WHAT TO DO: Pictures are to be dropped. Everything else in the listing gets copied exactly.

*** Opening INPUT DATA ***

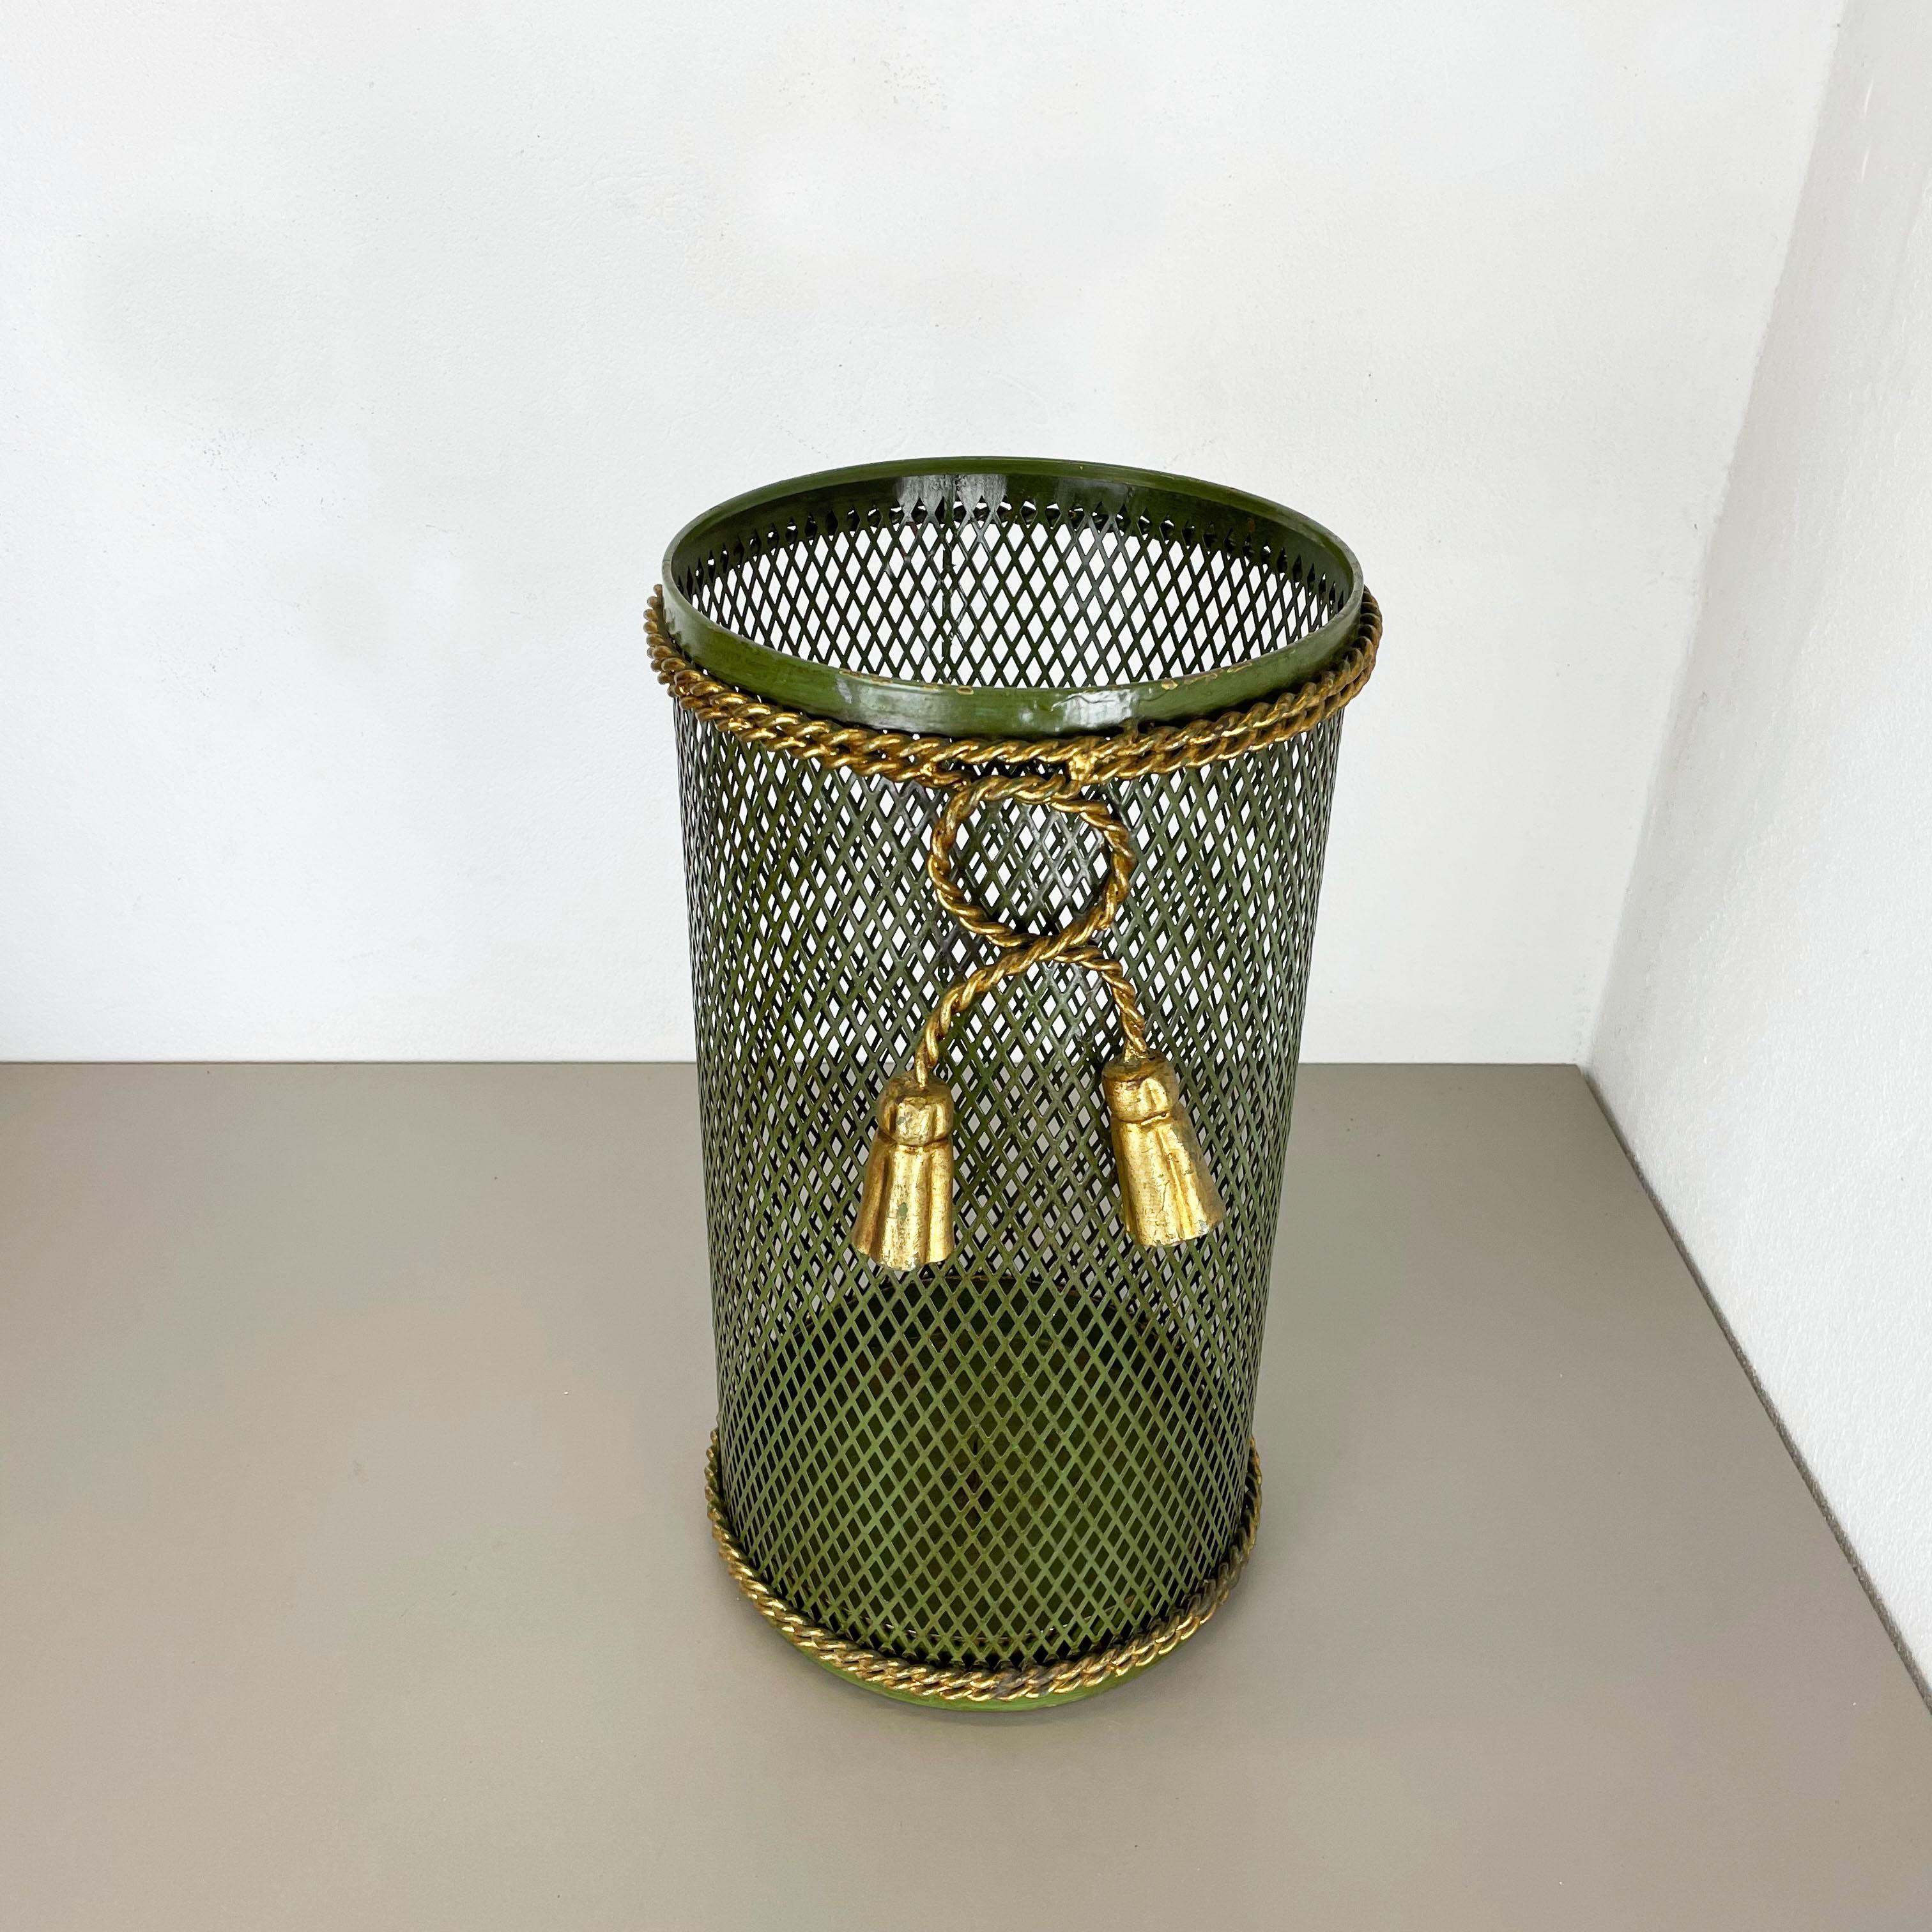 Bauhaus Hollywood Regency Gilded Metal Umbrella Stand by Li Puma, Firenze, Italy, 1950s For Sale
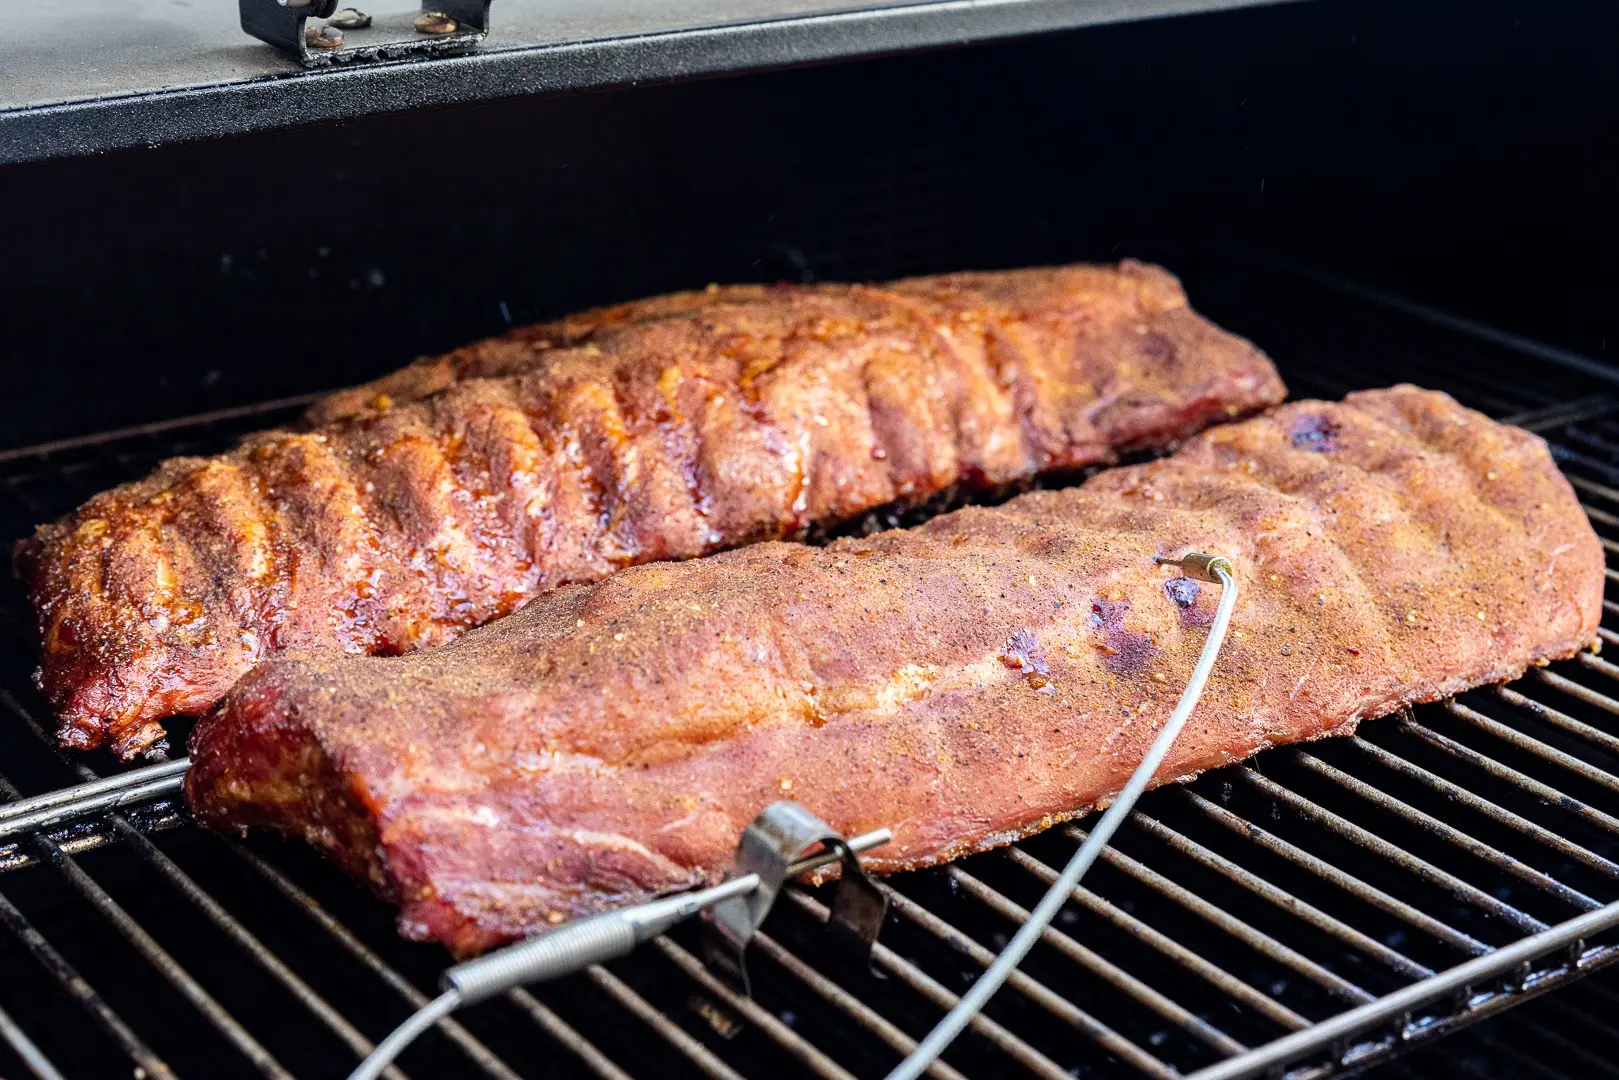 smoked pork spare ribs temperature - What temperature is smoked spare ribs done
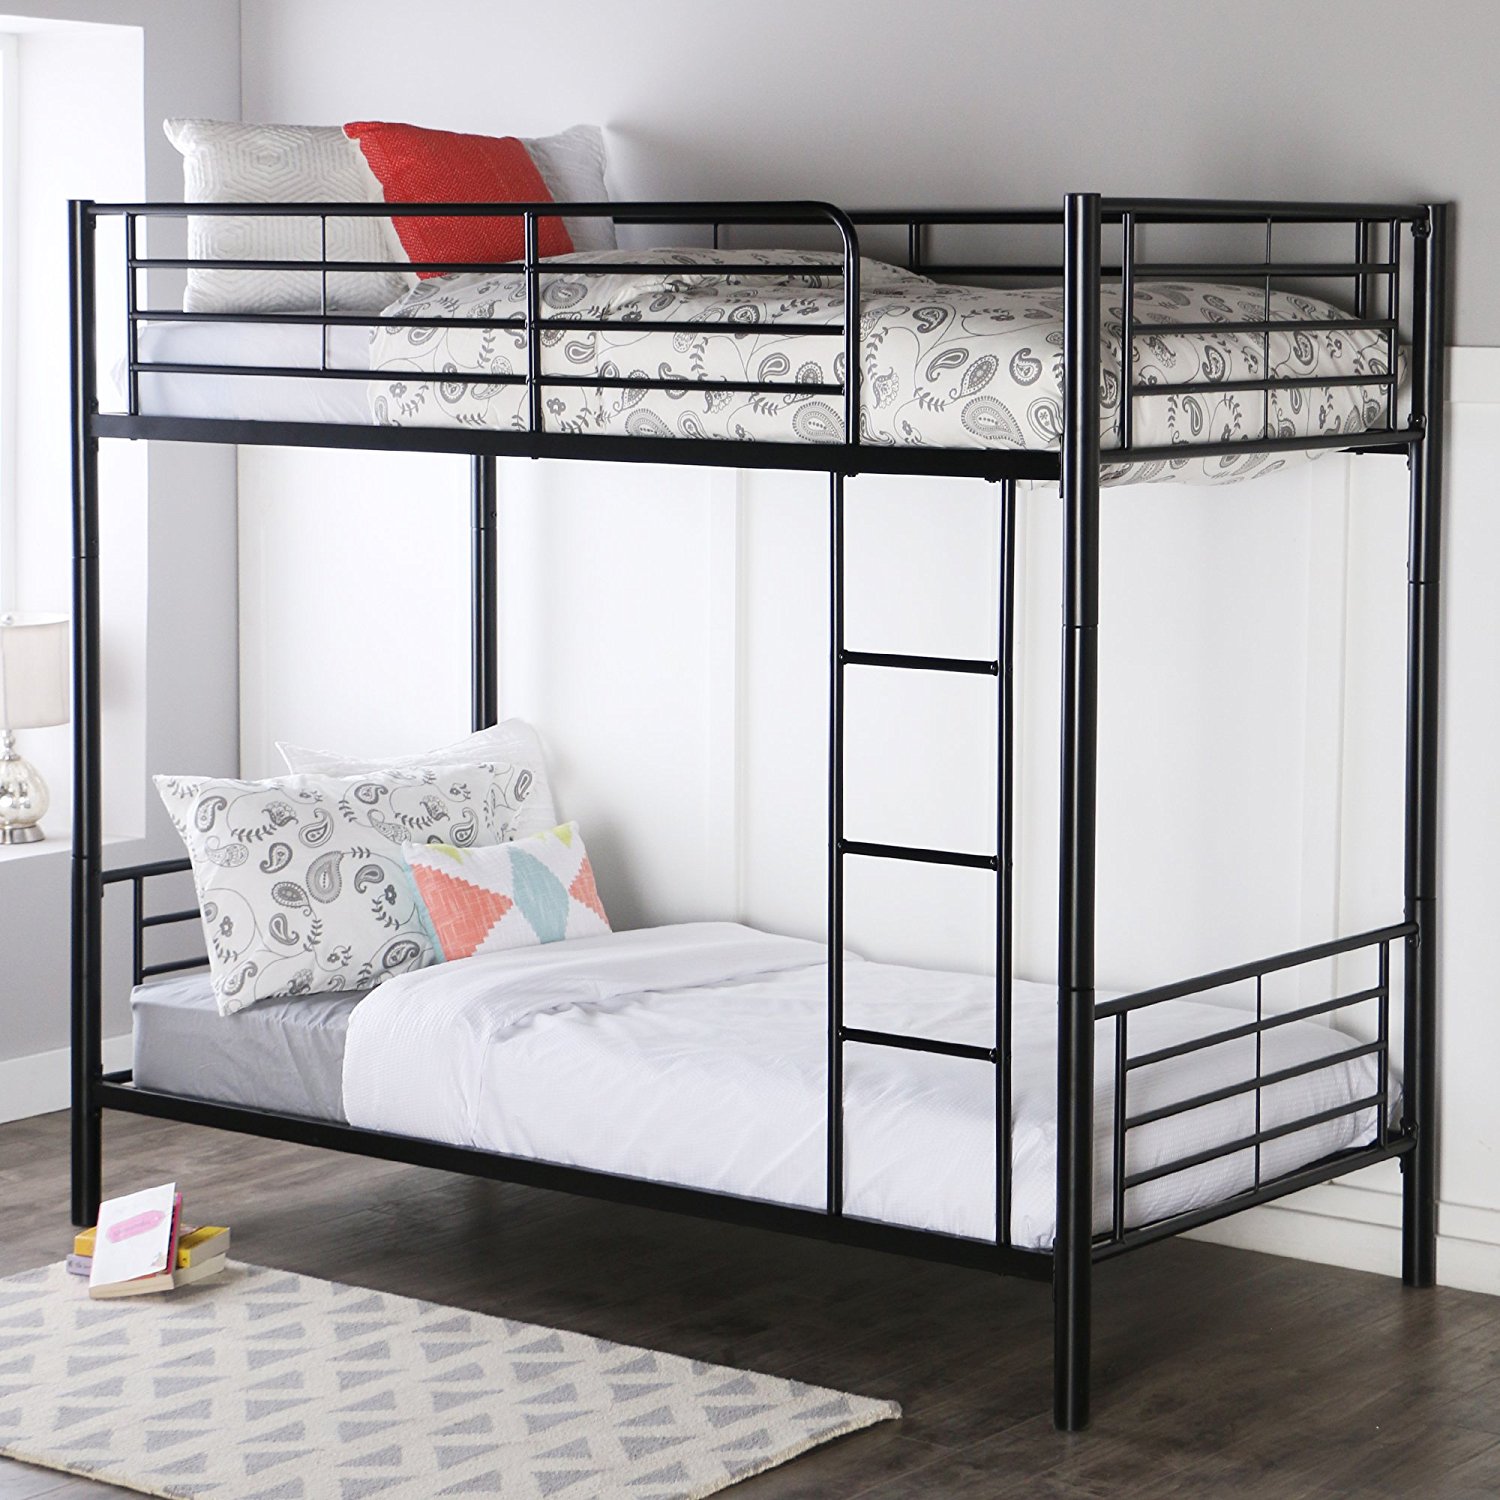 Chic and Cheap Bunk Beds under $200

*** Closing INPUT DATA ***

SOLUTION BELOW:
 Bauhaus Hollywood Regency Gilded Metal Umbrella Stand by Li Puma, Firenze, Italy, 1950s For Sale
 smoked pork spare ribs temperature - What temperature is smoked spare ribs done
 Chic and Cheap Bunk Beds under $200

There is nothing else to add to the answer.